Didn’t we almost have it all? Contemplating Black arts in Pittsburgh | Opinion | Pittsburgh | Pittsburgh City Paper

Didn’t we almost have it all? Contemplating Black arts in Pittsburgh

click to enlarge Didn’t we almost have it all? Contemplating Black arts in Pittsburgh
CP Illustration: Lucy Chen
I firmly believe I was born at the wrong time, even though being born in June of 1969 meant I saw the moon landing at one month old which shaped my love for the cosmos, if not my ability to get good grades in physics.

No, if I could choose any time to be born in, I would time it so I was 21 years old in the 1940s. I would go to all the jazz clubs from Manchester to the Hill to Downtown. I would be like my dad who saw every show that Charlie Parker performed, and witnessed every John Coltrane set at The Crawford Grill. I would have listened to Sarah Vaughan sing with Billy Eckstine, had my photo taken by Teenie Harris, jammed out to Mary Lou Williams, and smoked cigarettes with Duke Ellington and Billy Strayhorn. There would be at least one evening when I would have danced with one of the Nicholas brothers. Oh! I have it all mapped out in my head.

As a kid, I watched Black Horizons on WQED. We went to the Selma Burke Art Center in East Liberty. But I felt more surrounded by Black art inside my house than outside of it. As I got older, fewer and fewer places existed in Pittsburgh, and nothing like the multiple spaces of the mid-20th century that segregation, a larger population, and comparatively livable wages provided.

Like so many Gen Xers, I rushed out of Pittsburgh in the late 1980s. But unlike many of them, I returned in the early 2000s. There, I found Bridgespotters, a collective of Black artists who would do everything from exhibitions to happenings to just walking around town talking about art. (Isn’t being Black in Pittsburgh a form of creative expression, afterall?)

Of course, there was the legendary Shadow Lounge. If there had been a Pittsburgh-based Love Jones film, it would have made the perfect setting.

However, like those spaces before them, many of the people moved on and moved out. Or were pushed. Black and Brown artists who spoke too much truth to the too powerful could see their funding stopped (if they got any to begin with) or were asked to have it returned. Amazingly talented Black-led groups weren’t given the same multiple-year funding options as their white-led counterparts.

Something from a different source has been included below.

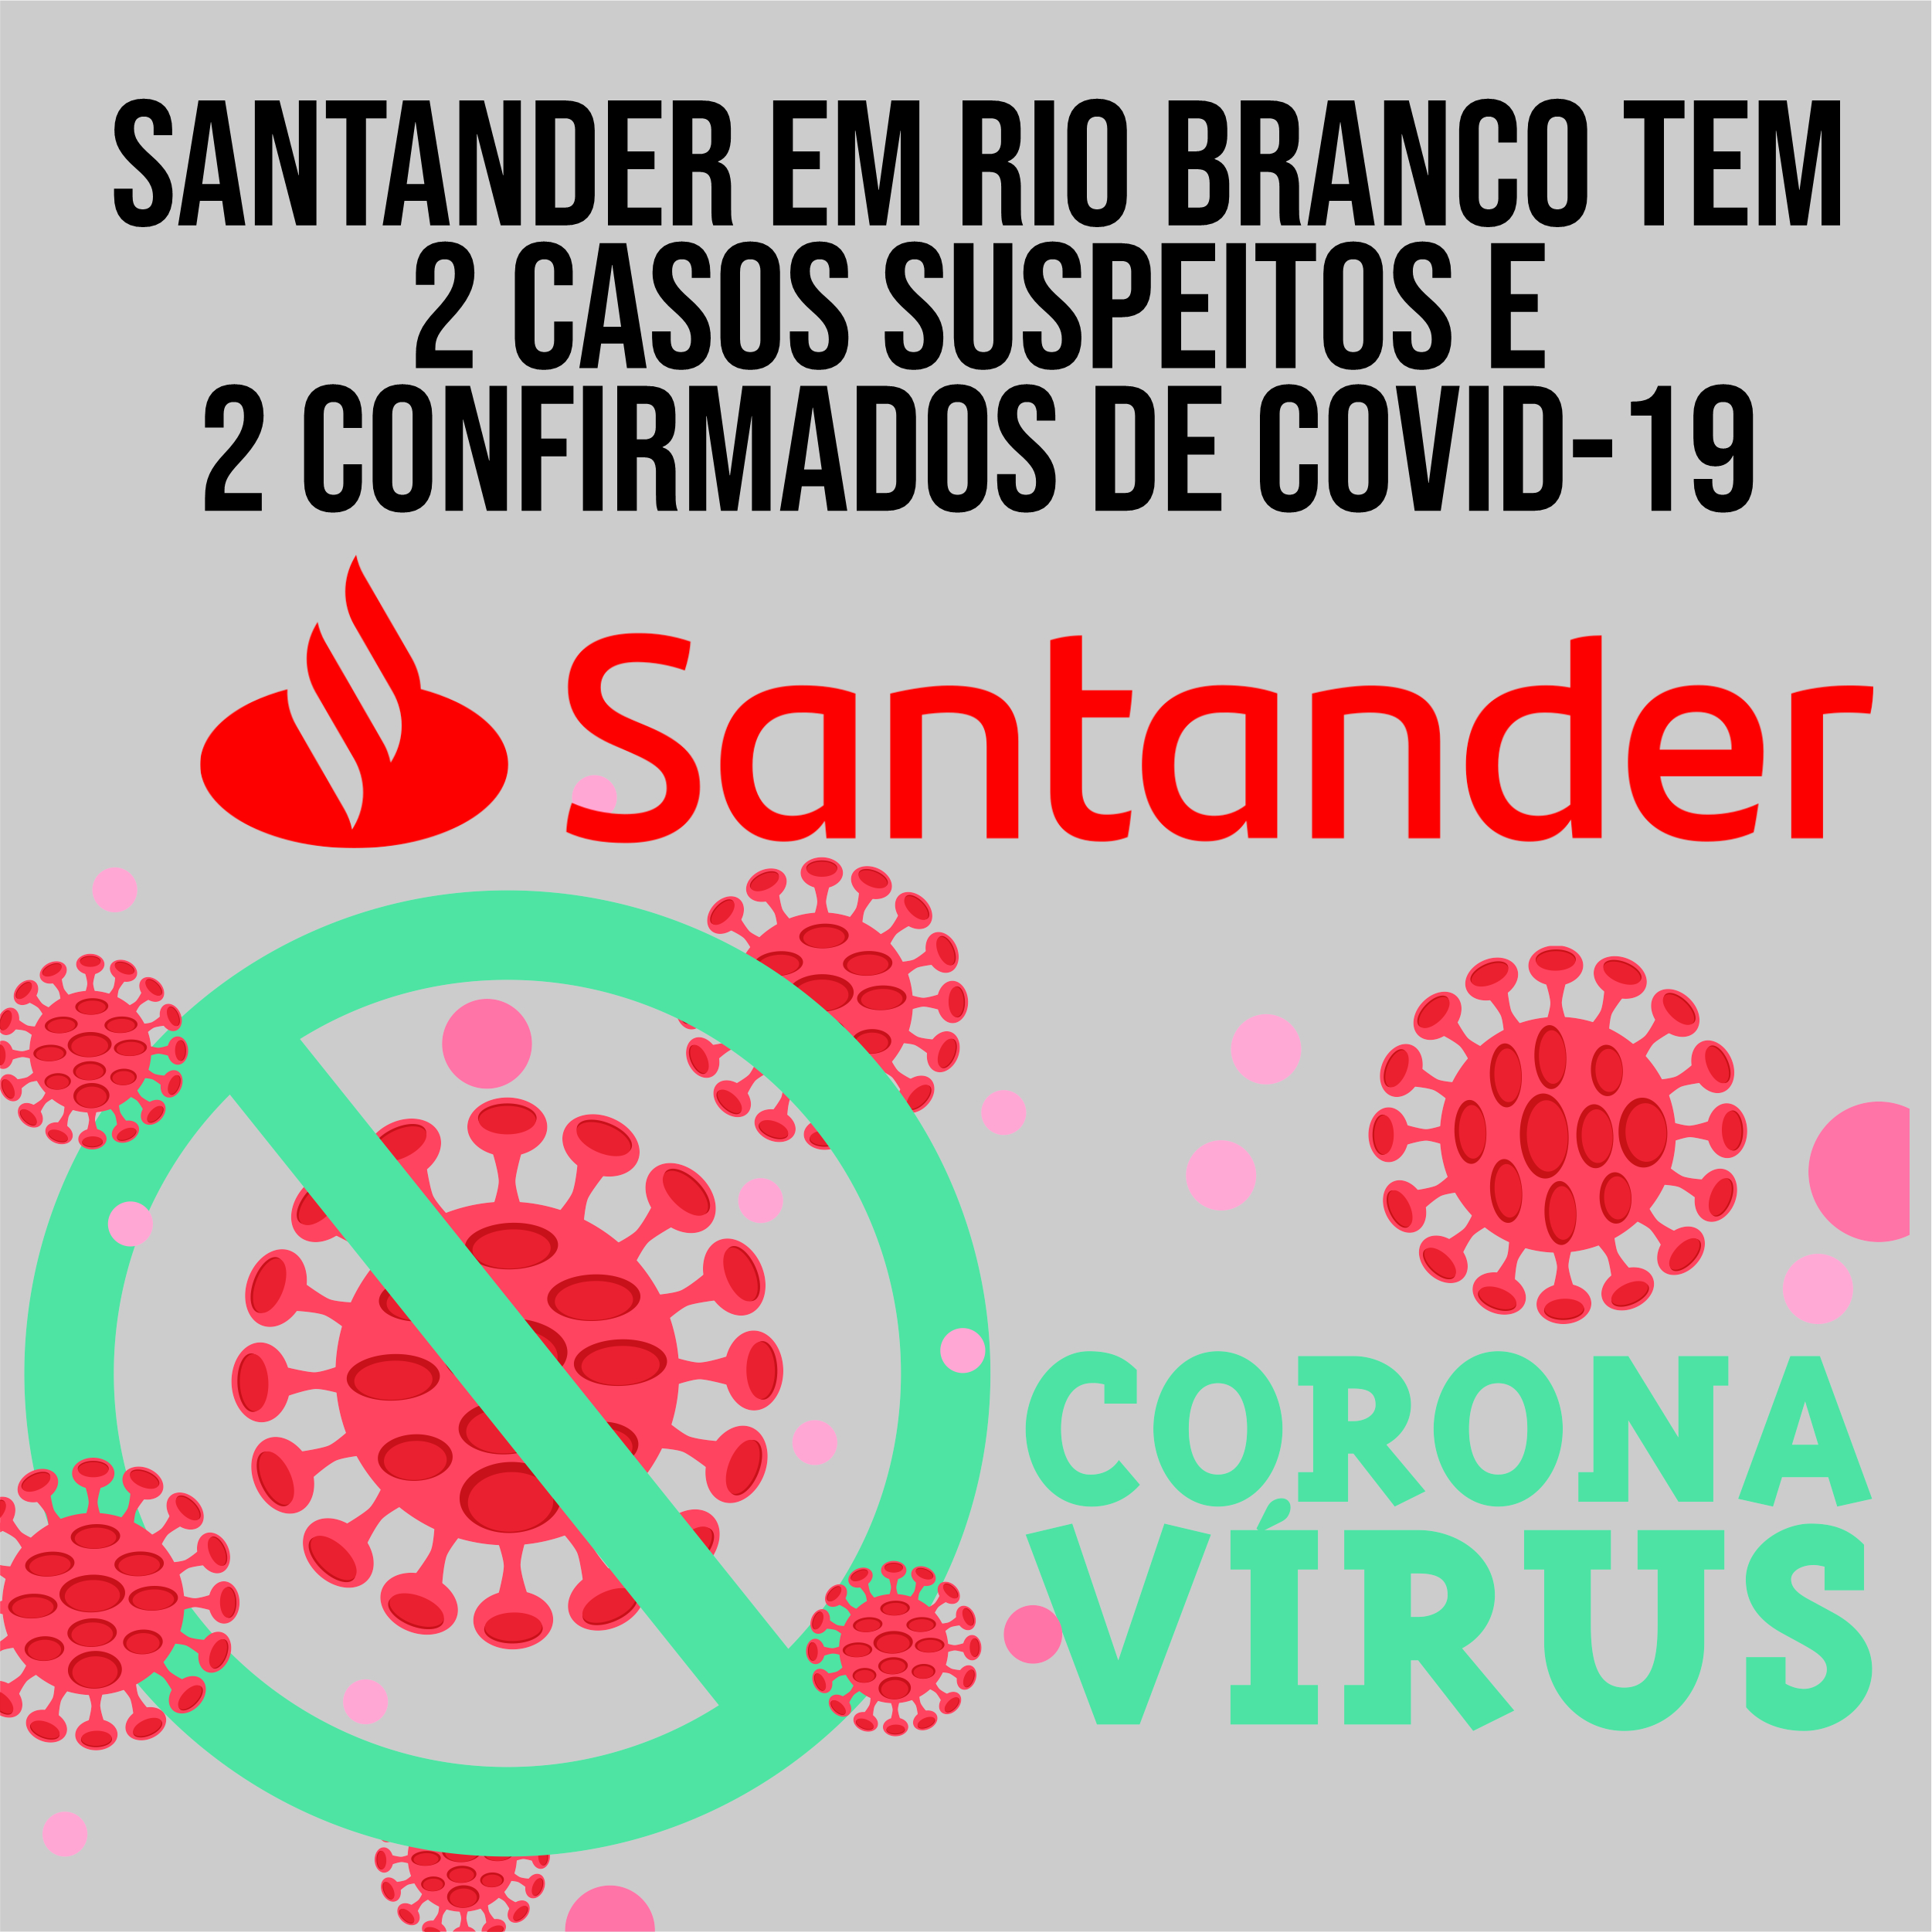 Você está visualizando atualmente Santander em Rio Branco tem 2 casos suspeitos e 2 confirmados de COVID-19

Where Downtown Pittsburgh once asked for Black artists to show in the empty storefronts, Black artists then had to say, “Hey we want to show in Downtown again, how do we do that?” only to be met with silence.

Now, in the wake of the resurgence of the Black Lives Matter movement, we’re seeing more attention and funding once again going to Black arts. It is now not enough to have a BLM sign in your yard, folks want to have Black art hanging on their walls, offices, and boardrooms. Though small compared to the investments made in white-led, white legacy organizations, some Black artists and Black-led arts groups have seen an increase in financial support and attention.

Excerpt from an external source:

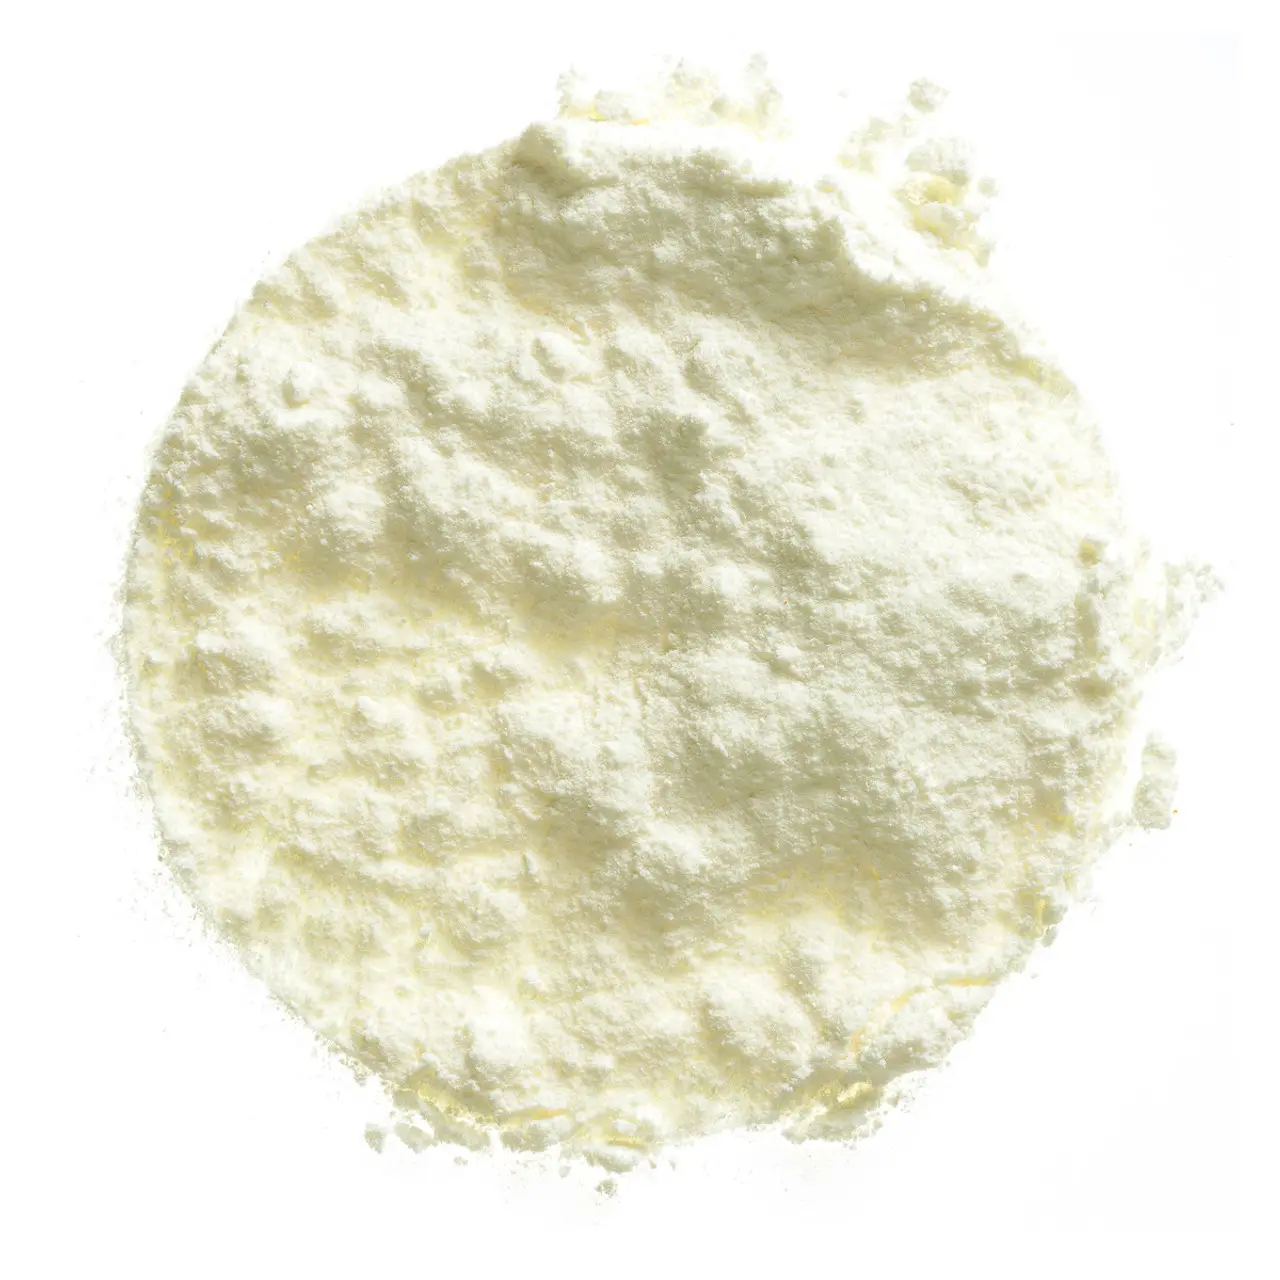 Wholesale quality dairy milk powder Whole Milk Powder / Skimmed Milk Powder High quality

But how can we make sure this isn’t a wave that will subside? And more importantly, how do we make sure we're not just part of consumer content, commodities, trends to devour and eventually expel for the next thing? And most importantly, how do we make sure all marginalized people are invested in throughout all forms of creative expression, so we can move beyond the Black-and-white binary of representation in Pittsburgh?

If we could really and truly invest in Black arts and Black creatives as the professionals they are, dismantle the white supremacy of the philanthropic community, and leave the often patronizing process of funding too little behind for real dollars ... If we could bring true leadership — including time and space, so precious to all, so precious to artists — then I would know that now is the perfect time for me to be a Black creative living and working in Pittsburgh.